In this week’s Python Data Weekly Roundup:
This article provides a good overview of the Data Natives 2019 – Europe meeting and the main trends being discussed for 2020 and beyond. For example, topics such as “AI and its use in Healthcare” and “AI and Ethics” looked like good talks.
An excellent review of “Ray”, a distributed computing system for python. Ray is:
is an open-source system for scaling Python applications from single machines to large clusters. Its design is driven by the unique needs of next-generation ML/AI systems, which face several unique challenges, including diverse computational patterns, management of distributed, evolving state, and the desire to address all those needs with minimal programming effort.
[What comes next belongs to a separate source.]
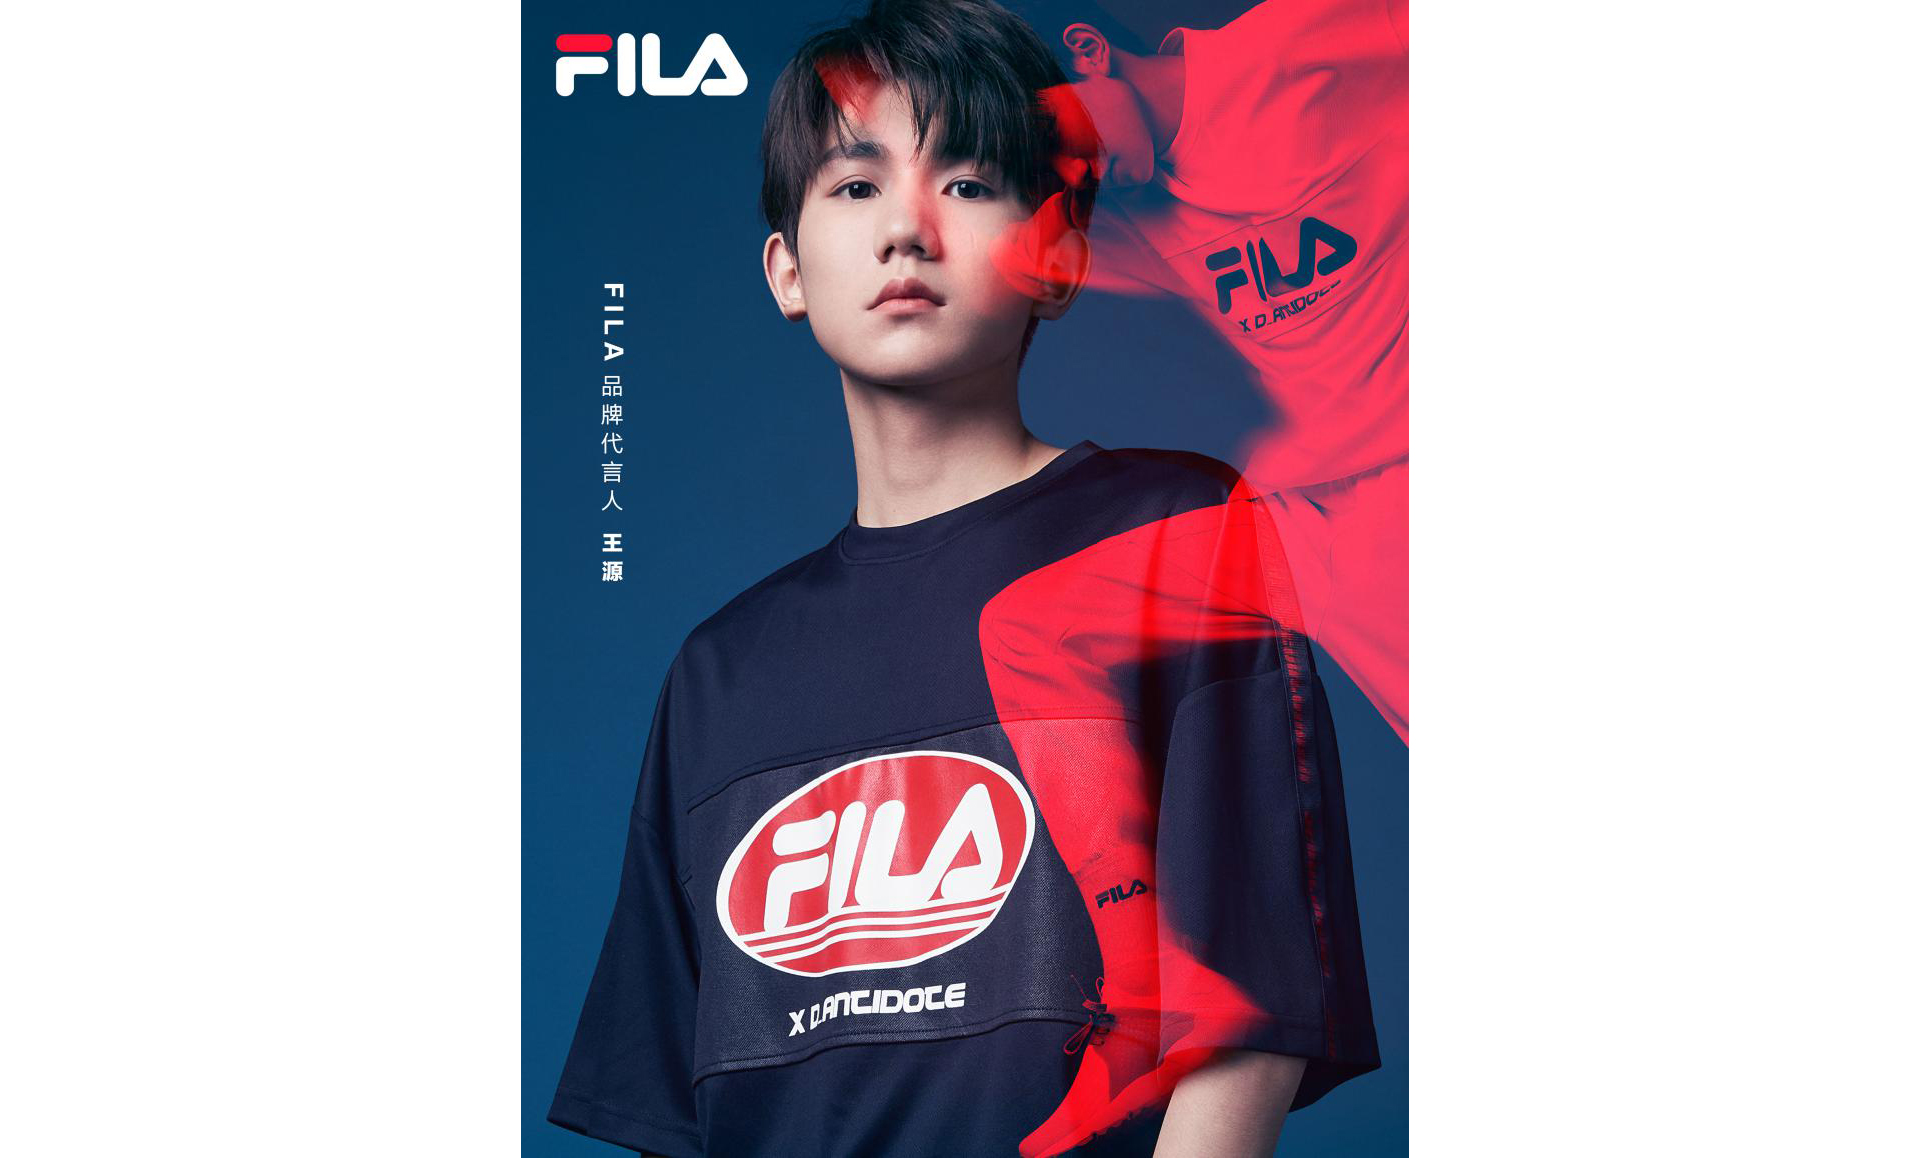 王源成为 FILA 全新品牌代言人

As always, Jason Brownlee does a great job explaining to begin to build an intuition for identifying imbalanced and skewed distributions – and how to handle / manage those distributions. One of the most difficult things to do in data science / machine learning is to understand and manage data with different distributions. You can’t always apply a model to a data-set because the distribution of said data makes that model invalid.
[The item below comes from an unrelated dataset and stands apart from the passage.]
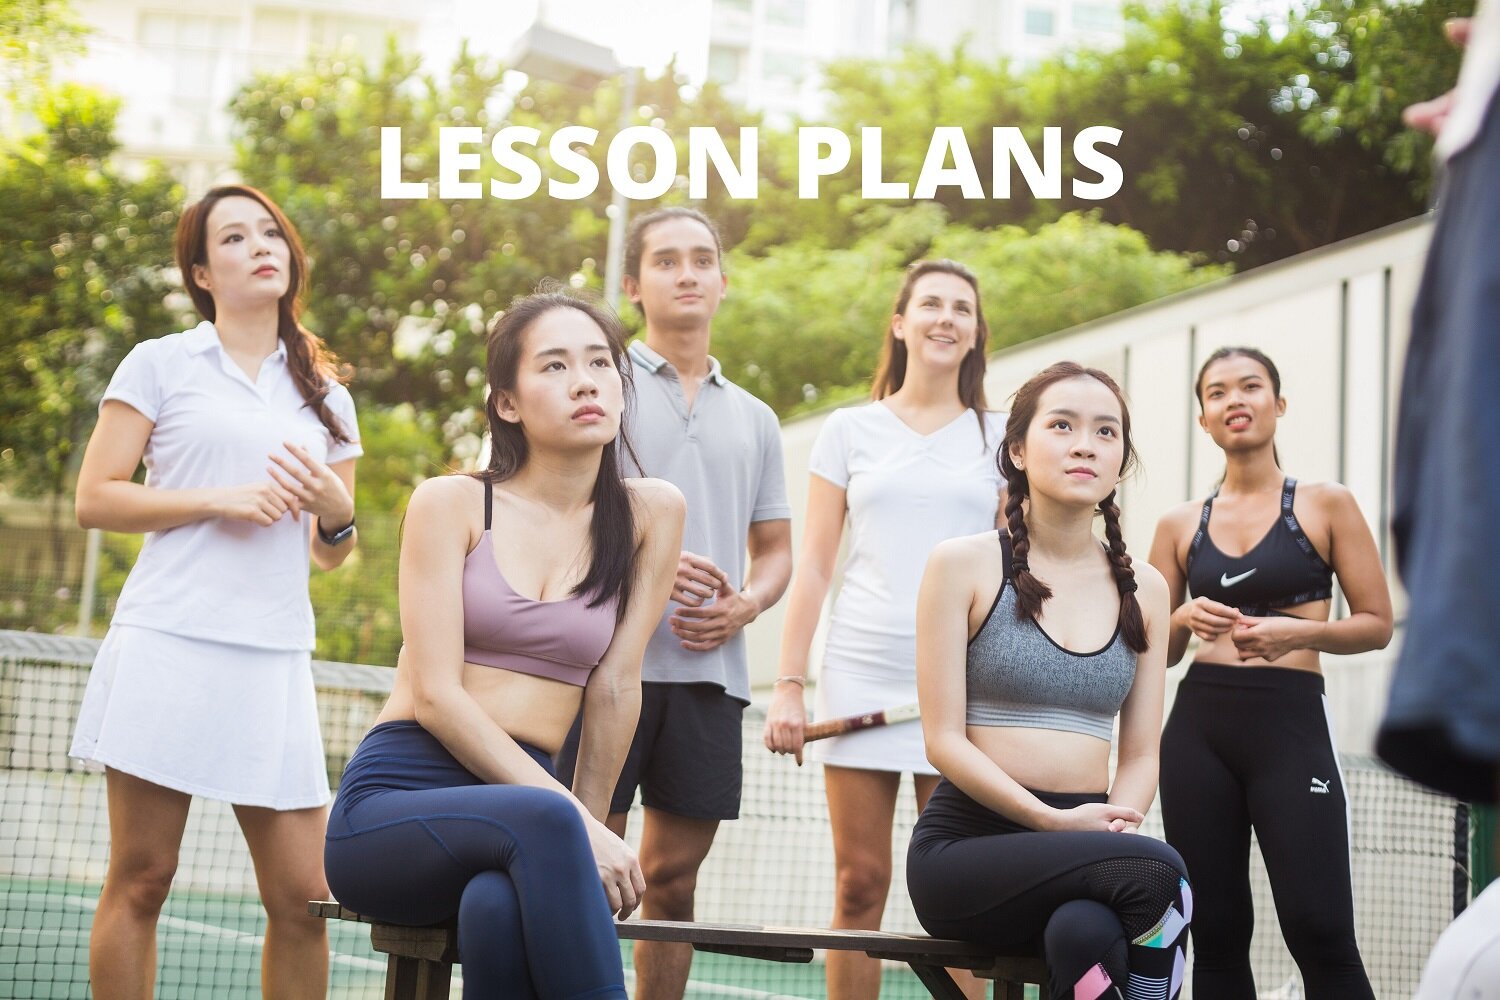 Tennis Lessons Plans (Copy)

Scatter Plot of Binary Classification Dataset With A 1 to 10 Class Distribution – from here.
Seven differences between academia and industry for building machine learning and deep learning models
It should be no surprise that academia and industry approach data science and machine learning differently. In this article, some differences are described- they include: Accuracy, Training vs Production, Engineering focus (e.g., end-to-end pipeline development) and more.
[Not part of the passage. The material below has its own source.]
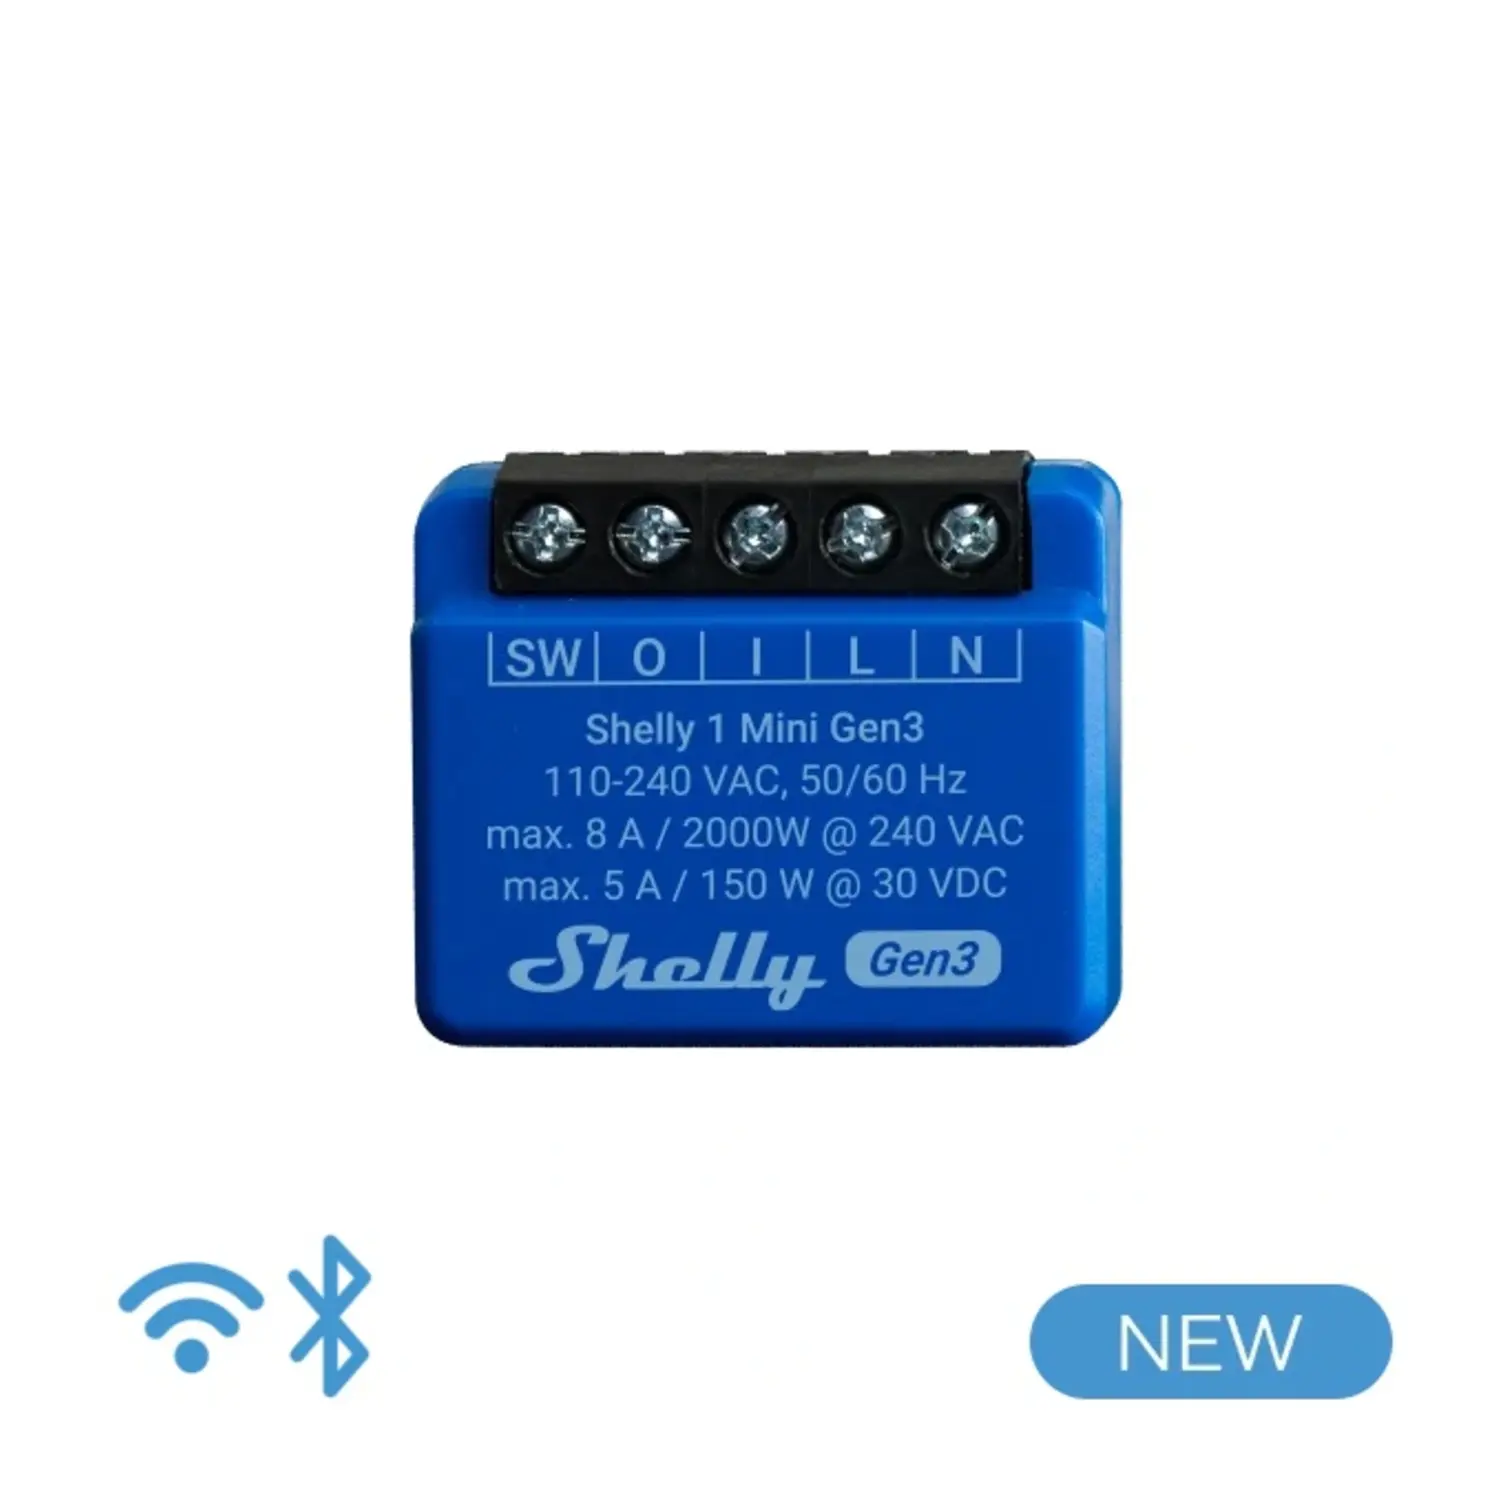 immagine del prodotto shelly 1 mini gen 3 smart relay 8A AC/DC WiFi/BT

A very good paper describing the challenges of technical debt with machine learning systems. The abstract:
Machine learning offers a fantastically powerful toolkit for building useful complex prediction systems quickly. This paper argues it is dangerous to think of these quick wins as coming for free. Using the software engineering framework of technical debt, we find it is common to incur massive ongoing maintenance costs in real-world ML systems. We explore several ML-specific risk factors to account for in system design. These include boundary erosion, entanglement, hidden feedback loops, undeclared consumers, data dependencies, configuration issues, changes in the external world, and a variety of system-level anti-patterns.
A recent post I wrote describing how to perform market basket analysis using python and pandas. I provide a walk-through of using MLxtend’s apriori function as well as a ‘roll your own’ approach to market basket analysis.